In order to carry out the safety evaluation in accordance with the concept of the above safety guides, it is necessary to analyze the specific operational behaviors of the plant by postulating the initiating events of "abnormal transients during operation" and “accidents." Such safety analysis is carried out on the basis of the following procedures and assumptions.

  1. Selection of the initiating events

There are innumerable possible initiating events that could bring about abnormal conditions in the plant and innumerable possible states of the plant at that time, but if the events are classified into different categories according to their effects on the nuclear reactor (e.g. heat-up and cool-down events) and if the most representative event is selected in each category, it is possible to covers all events of the same nature.

The initiating events of "abnormal transients during operation" are a failure or a malfunction of a single components or a single operation error. Specifically, as discussed in Section 8.2 later, a total of 14 events in three different categories are analyzed as "abnormal transients during operation” for PWR plants. Initiating events of "accidents" are regarded as being extremely rare from a technical viewpoint as described in Section 8.3. For PWR plants, a total of 13 initiating events in four different categories are analyzed as “accidents".
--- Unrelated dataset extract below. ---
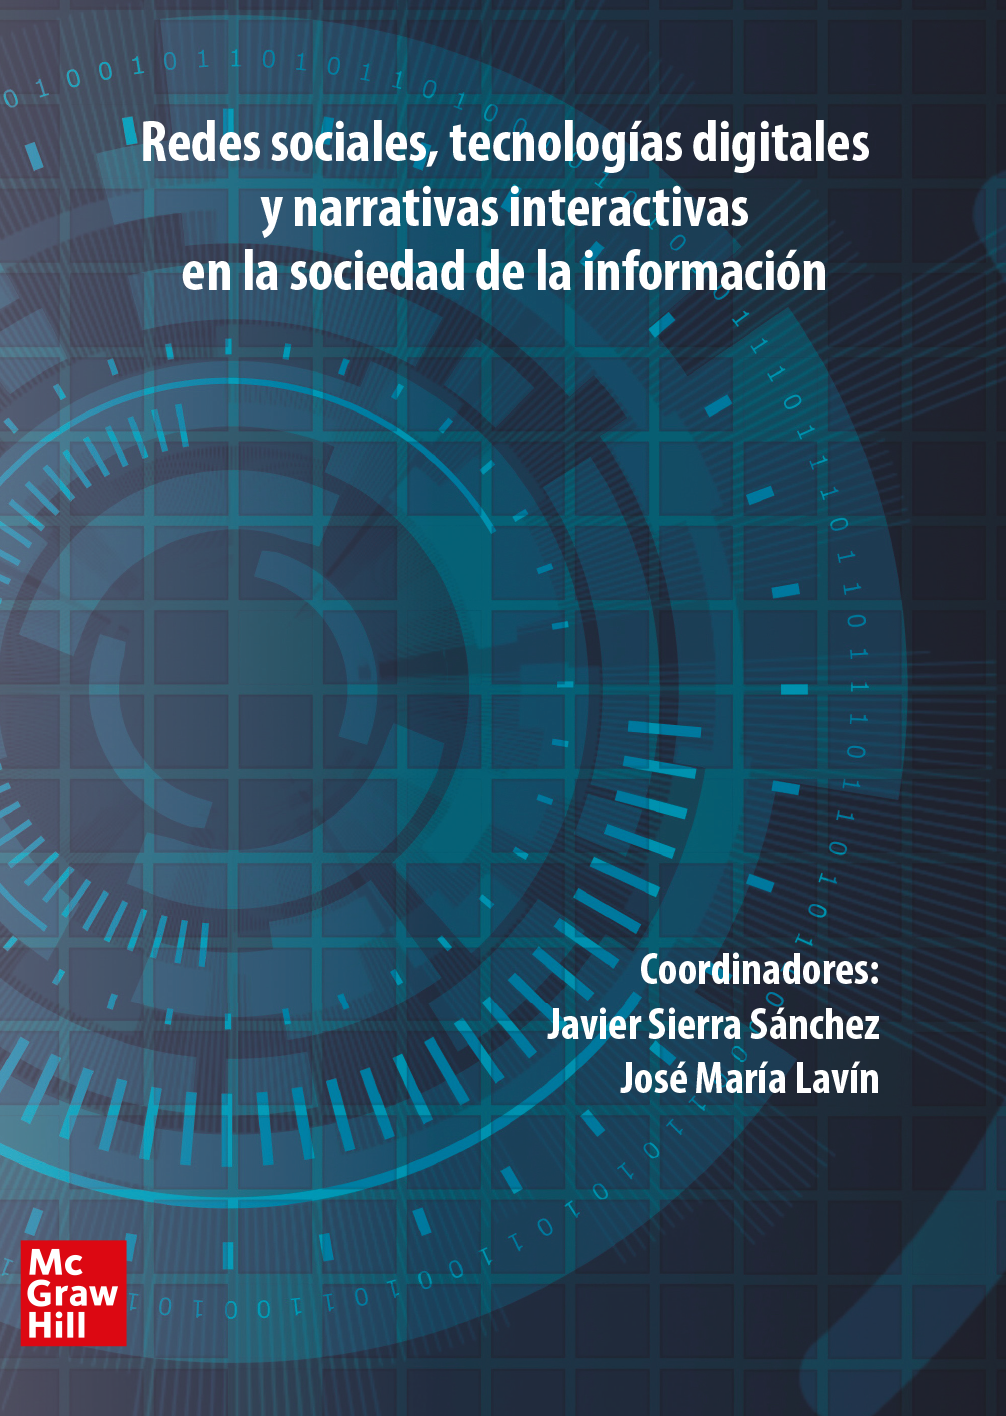 Redes sociales, tecnologías digitales y narrativas interactivas en la soc. de la inf. Congreso Comunicación Javier Sierra. Vol 2 de 2

For siting evaluation, accidents that could result in large release of radioactive materials either inside or outside the containment vessel are selected as "accidents.”
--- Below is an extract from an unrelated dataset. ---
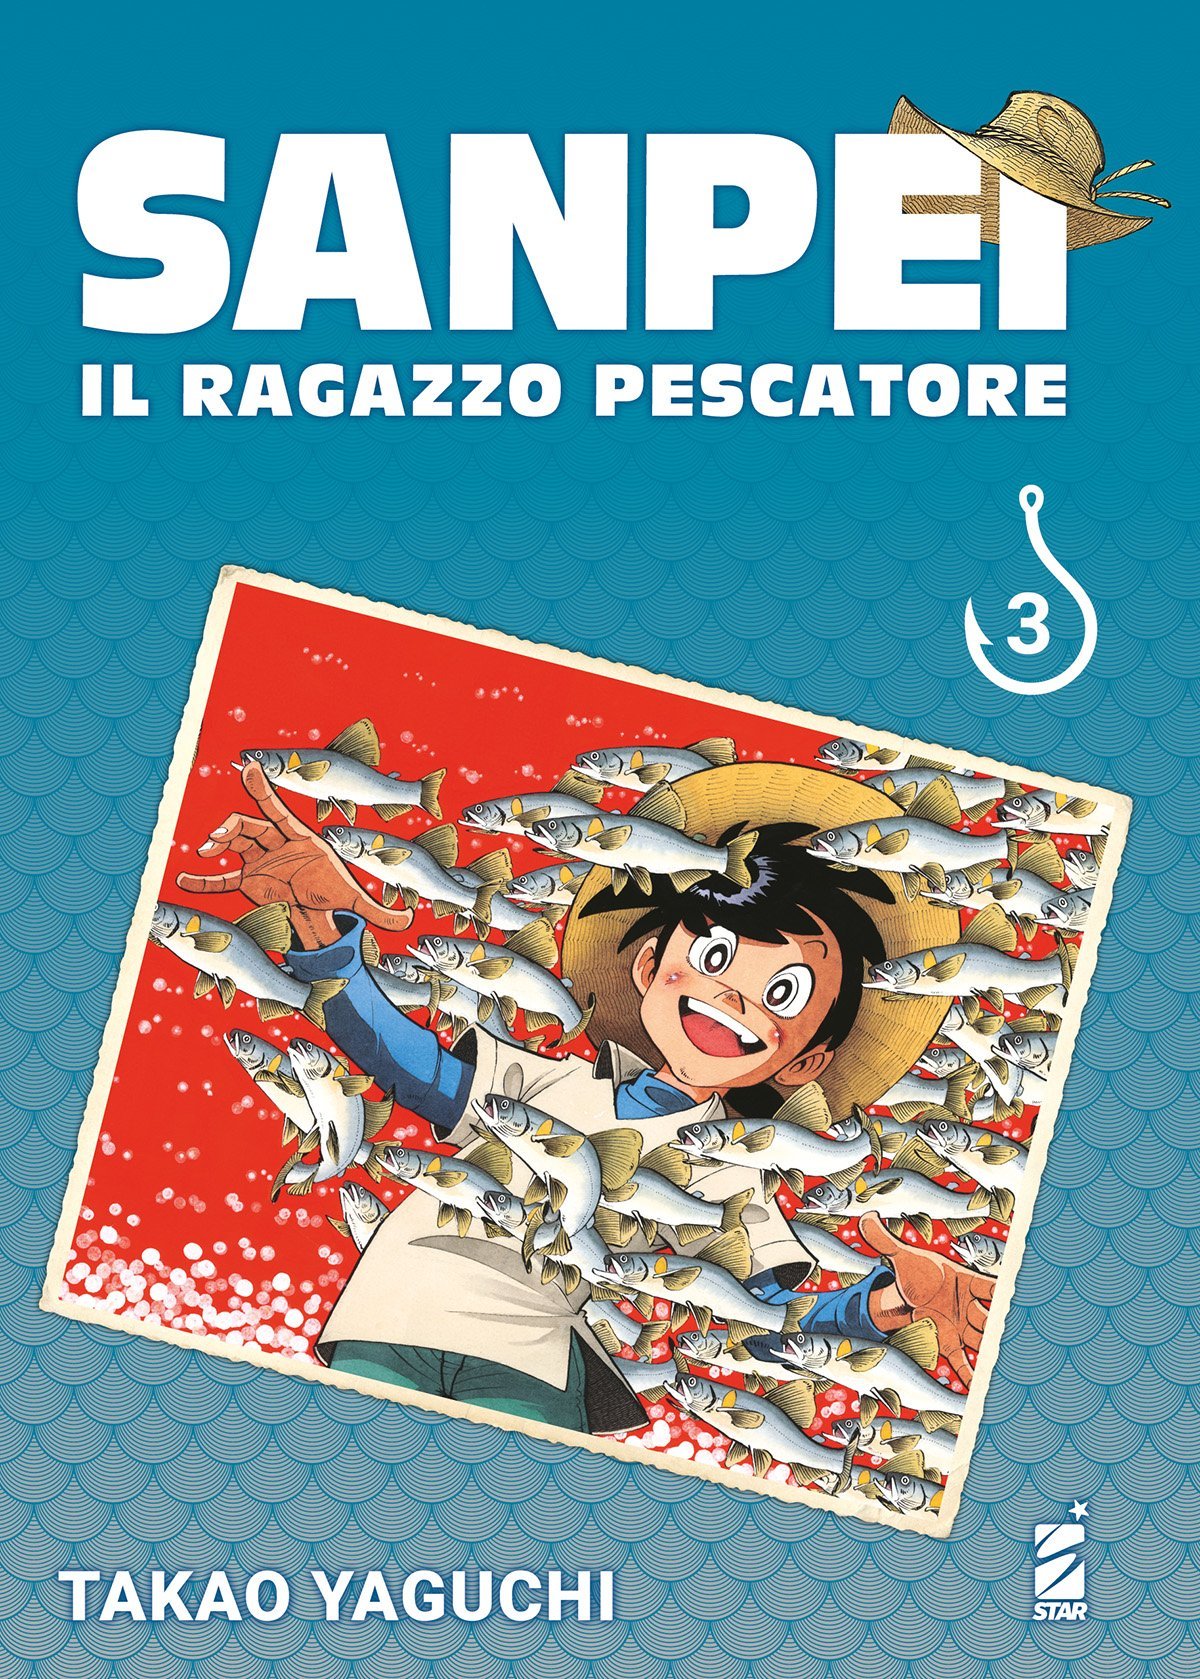 SANPEI IL RAGAZZO PESCATORE TRIBUTE EDITION 3 DI 12

  1. Analytical conditions

Once initiating events to be evaluated are selected, the analytical conditions are set so that the disturbance due to the initiating event becomes large. For example, in the analysis

of “inadvertent depressurization in secondary cooling system" for a PWR plant, a valve with the largest depressurization effect in the secondary cooling system is assumed to fail so that all other similar events are included. Furthermore, the values of parameters such as moderator temperature coefficient which changes with fuel burnup are assumed conservatively so as to cover all possible conditions during core cycle operations.
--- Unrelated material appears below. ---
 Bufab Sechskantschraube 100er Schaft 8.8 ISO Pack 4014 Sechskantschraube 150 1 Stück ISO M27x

The values of operating parameters are also assumed similarly so as to make the evaluation results more severe. However, even for the same event different assumptions may be employed for some of the initial values according to the criteria applied. For example, when the integrity of reactor coolant pressure boundary is evaluated, a higher initial value of the primary cooling system pressure is assumed considering the errors, etc., and when fuel center temperature and enthalpy are evaluated, a lower value is selected.

The same holds in the analysis process. It is usual to make assumptions on the conservative side by ignoring some measures that are employed in reality to mitigate the consequences of an accident. Since safety analysis is thus consistently based on conservative assumptions, the results of the analysis are, of course, more severe than in any situation that can be expected to actually occur from the same initiating event. That is, of course, necessary in examination of the safety of nuclear reactors, but differences exist somewhat from its actual behavior. That should be correctly understood in the explanation of events in safety analysis in Section 8.2 and subsequent sections.

  1. Assumption of single failure

Safety analysis is done assuming a single failure in the systems and components*3 necessary for coping with an "accident." The single failure is selected by examining which failure may result in the most severe consequences. The assumption of single failure is required for each of the basic safety functions: nuclear reactor

(*2) Specifically, these are the emergency core cooling system, the reactor shutdown system, the containment vessel spray system, and the annulus clean-up system.